Stereotactic Ablative Radiotherapy (SABR) has shown high rates of local control and prolonged survival in early-stage non-small cell lung cancer (NSCLC), though its role in oligometastatic disease is undefined. This study aimed to evaluate SABR as a local consolidative therapy (LCT) in oligometastatic NSCLC patients.

In this prospective, single-arm phase 2 trial, we sought to evaluate SABR in patients with stage IV NSCLC, with ≤ five lesions, including the primary tumor. Patients received initial systemic therapy according to international guidelines. Patients without progression after front-line therapy (two months of targeted therapy and ≥ four cycles of chemotherapy) were evaluated by an 18F-FDG-PET/CT to receive consolidative SABR (45-60 Gy in 3-5 fractions) to the primary and all intrapulmonary metastatic sites. The primary endpoint was progression-free survival (PFS); secondary endpoints were overall survival (OS) and toxicity.

A total of 47 patients were included. Mean age was 58.9 years, 59.6 % ed favorable results regarding PFS and OS compared with historical data. The benefit was significantly higher in patients who reached a CMR as assessed by 18F-FDG-PET/CT.

The advent of immune checkpoint inhibitors (ICI) has been a breakthrough in the care of patients with non-small-cell lung cancers (NSCLC). Selleckchem T-DXd However, physicians are now facing a previously unidentified clinical situation called hyperprogression (HP), which presents as a fast and unexpected increase in tumor burden. HP's existence and specificity to ICIs remains controversial because a widely acknowledged definition is currently lacking. Meanwhile, management remains elusive.

Medical records from all consecutive NSCLC patients who were treated with ICI from 2015 to 2018 were retrospectively analyzed. The HP incidence rate was calculated according to five definitions (tumor growth rate [TGR]ratio, ΔTGR, tumor growth kinetic [TGK], RECIST, and time to treatment failure [TTF]), and the agreement between such definitions was determined. The HP impact on overall survival (OS) was then assessed. The association between HP (defined using the TGRratio definition) and clinical and biological variables was also assessgement of HP, whose existence is likely real.

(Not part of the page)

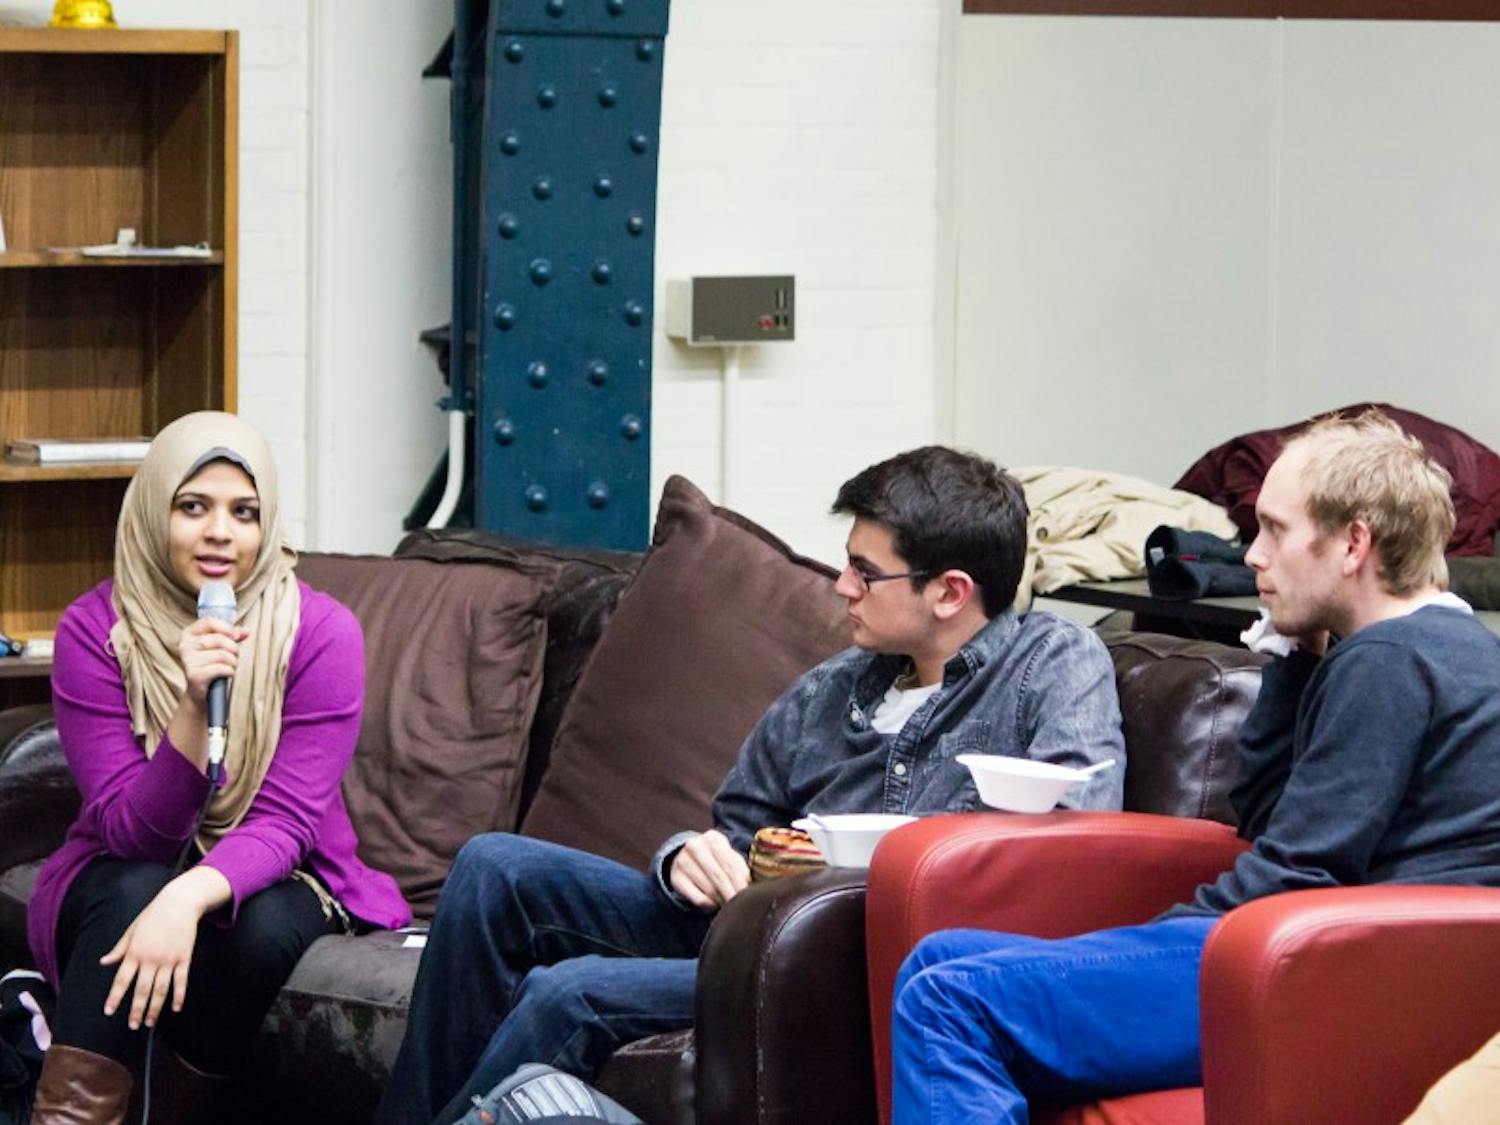 The Muslim Student Association celebrated the beginning of Islam Appreciation Week with a social in the Red Gym, where they discussed Islam.

We found fairly heterogeneous HP rates using different definitions. TTF was the only definition leading to significantly worsened OS. Further studies are needed to provide consensus recommendations for the assessment, definition, and management of HP, whose existence is likely real.

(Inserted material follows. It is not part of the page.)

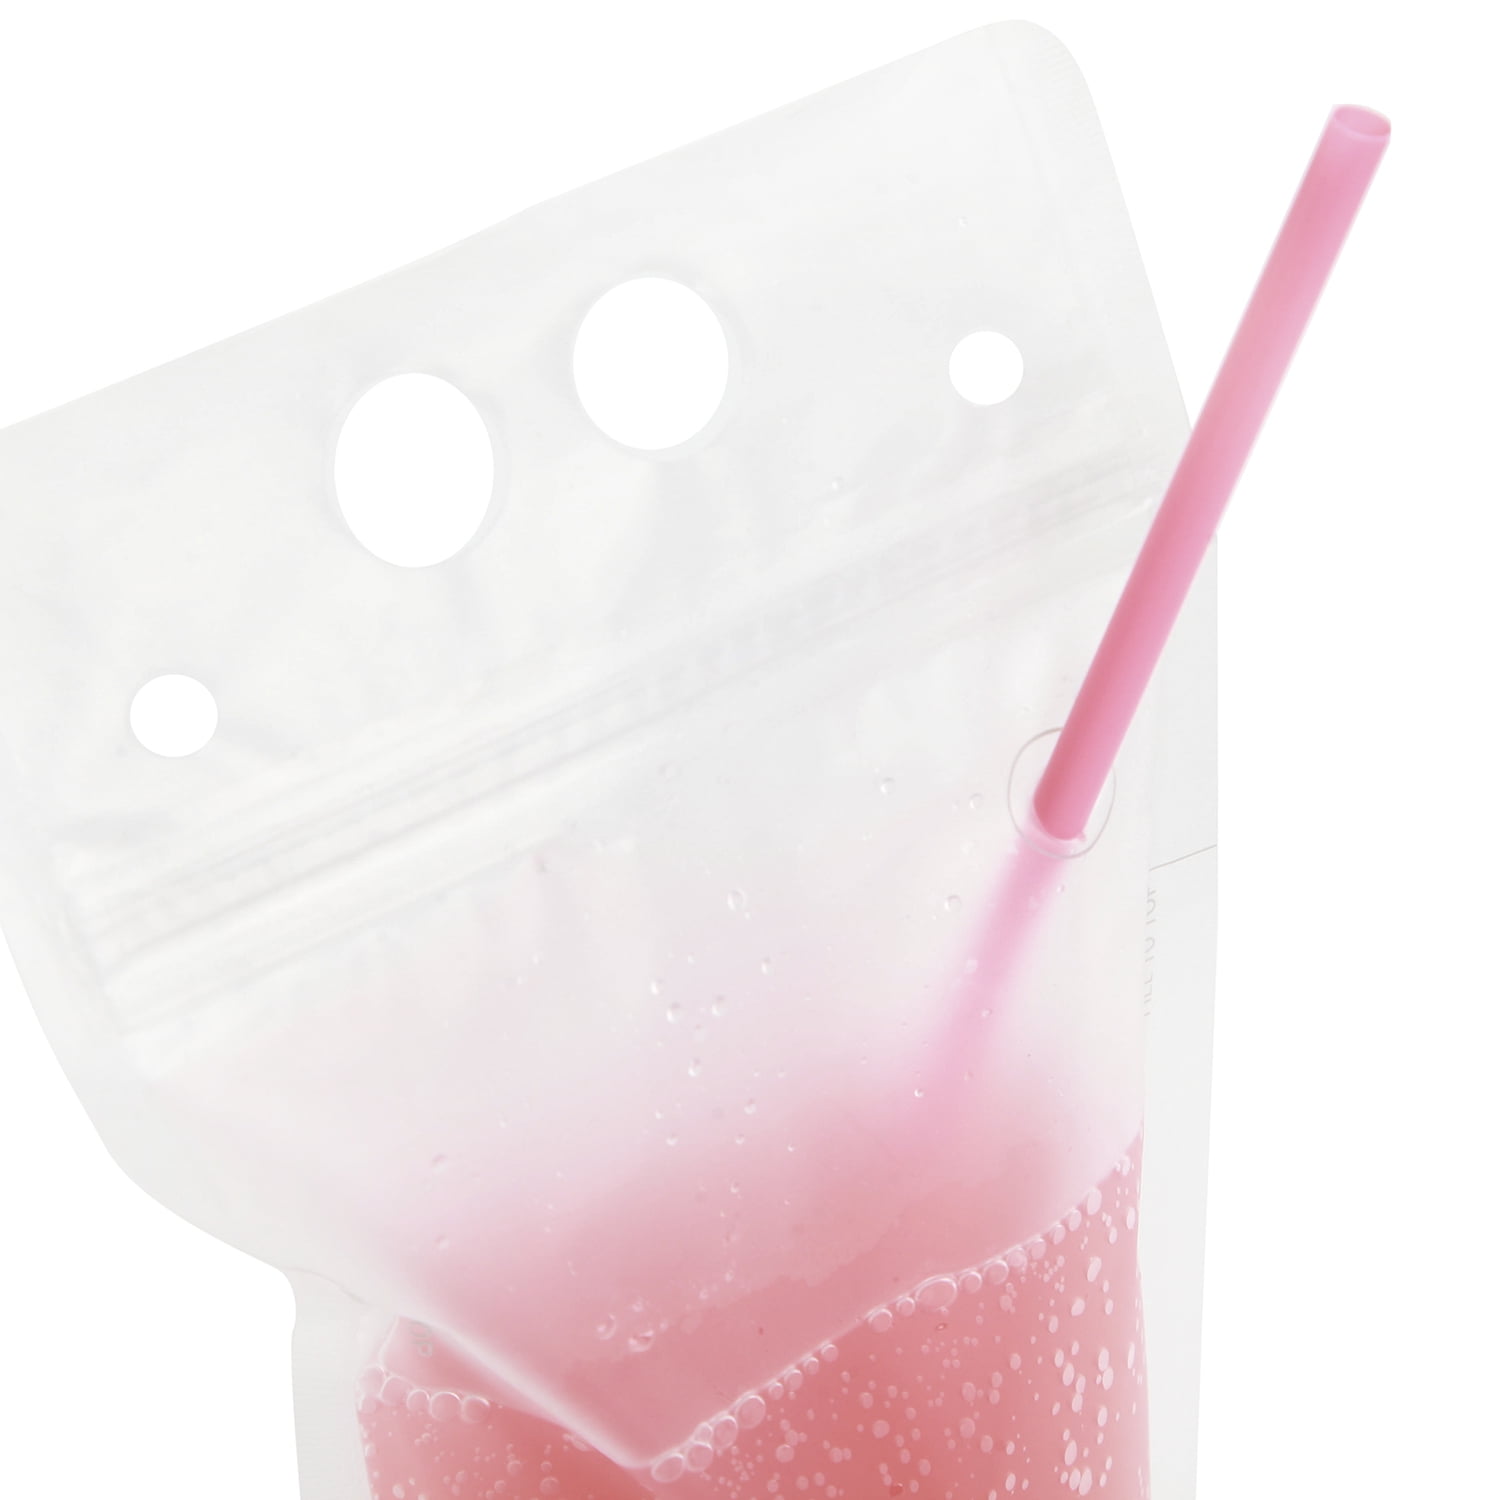 C Crystal Lemon 100pcs Drink Pouches with Straw Smoothie Bags Juice Pouches with 100 Drink Straws, Heavy Duty Hand-Held Translucent Reclosable Ice

Glioblastoma is the most common primary malignant brain tumor in adults. Previous studies have suggested that CRP (C-reactive protein) could serve as a biomarker candidate as well as a prognostic factor in glioblastoma patients, and we here further investigate its potential role.

Publicly available datasets were used to compare gene expression between brain samples from glioblastoma patients and non-tumor tissue. The structure of CRP was compared between humans and rats. Glioblastoma cells from humans and rats were stained with anti-CRP. Fischer 344 rats were inoculated with syngeneic glioblastoma cells pre-coated with anti-CRP, and survival was monitored. CRP concentration in rats carrying glioblastoma was followed.

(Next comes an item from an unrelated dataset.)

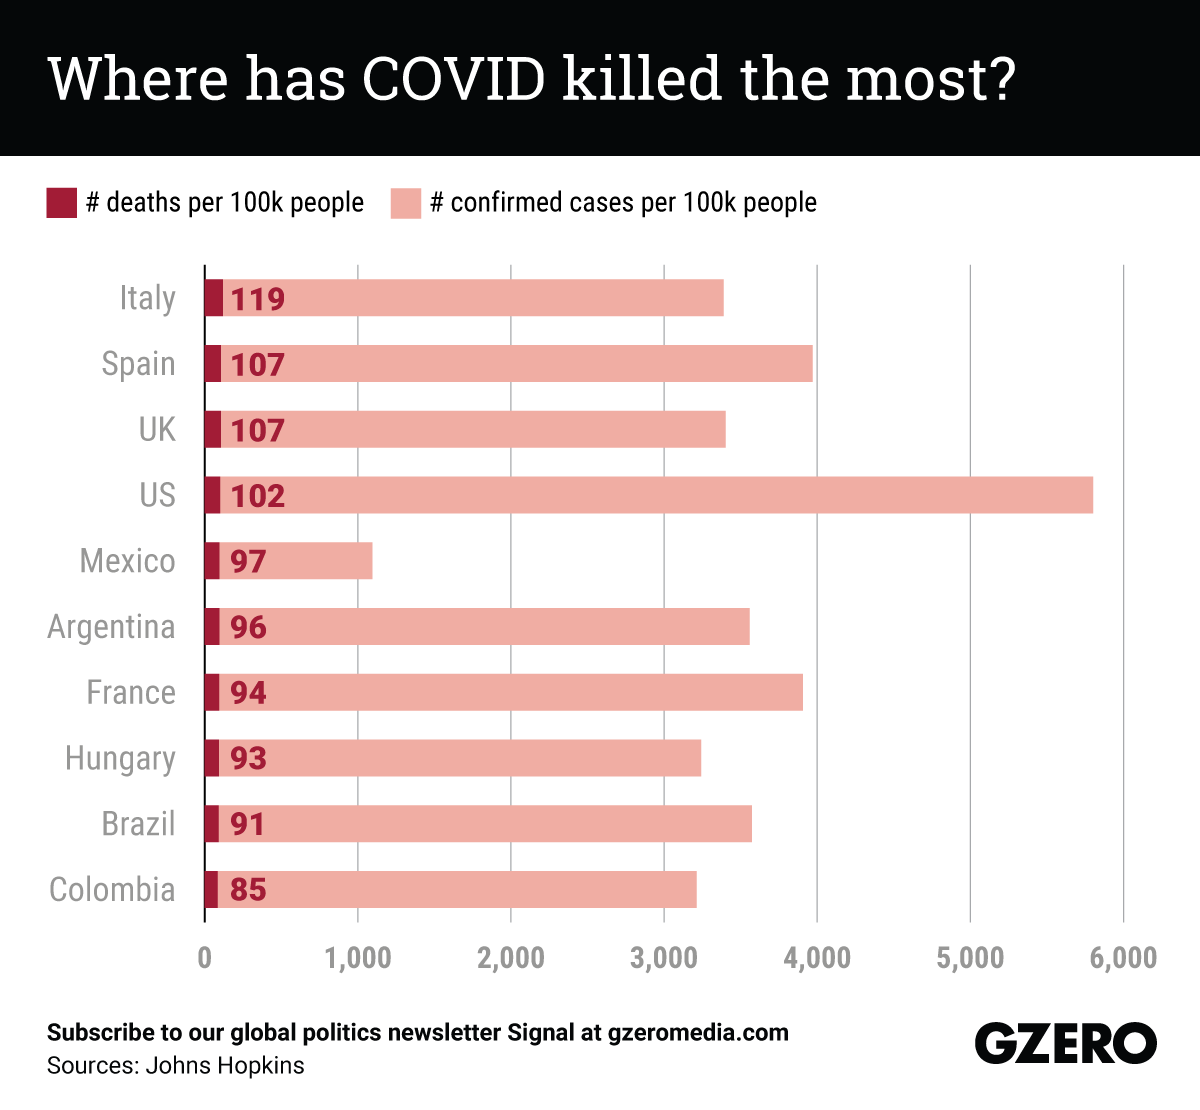 The Graphic Truth: Where has COVID killed the most?

CRP was upregulated on one locus on gene level in glioblastoma tissue as compared to non-tumor brain tissue, but not in glioma stem cells as compared to neural stem cells. The structure of the CRP protein was a characteristic pentamer in both humans and rats. Both human and rat glioblastoma cells were clearly positive for anti-CRP staining. Pre-coating of glioblastoma cells with anti-CRP antibodies did not affect survival in rats with intracranial tumors. Serum levels of CRP increased during tumor progression but did not reach significantly different levels.

Both human and rat glioblastoma cells could be stained with anti-CRP antibodies in vitro. In a syngeneic glioblastoma rat model we could see an increase in serum CRP during tumor progression, but coating glioblastoma cells with anti-CRP antibodies did not provide any survival change for the animals.

Both human and rat glioblastoma cells could be stained with anti-CRP antibodies in vitro. In a syngeneic glioblastoma rat model we could see an increase in serum CRP during tumor progression, but coating glioblastoma cells with anti-CRP antibodies did not provide any survival change for the animals.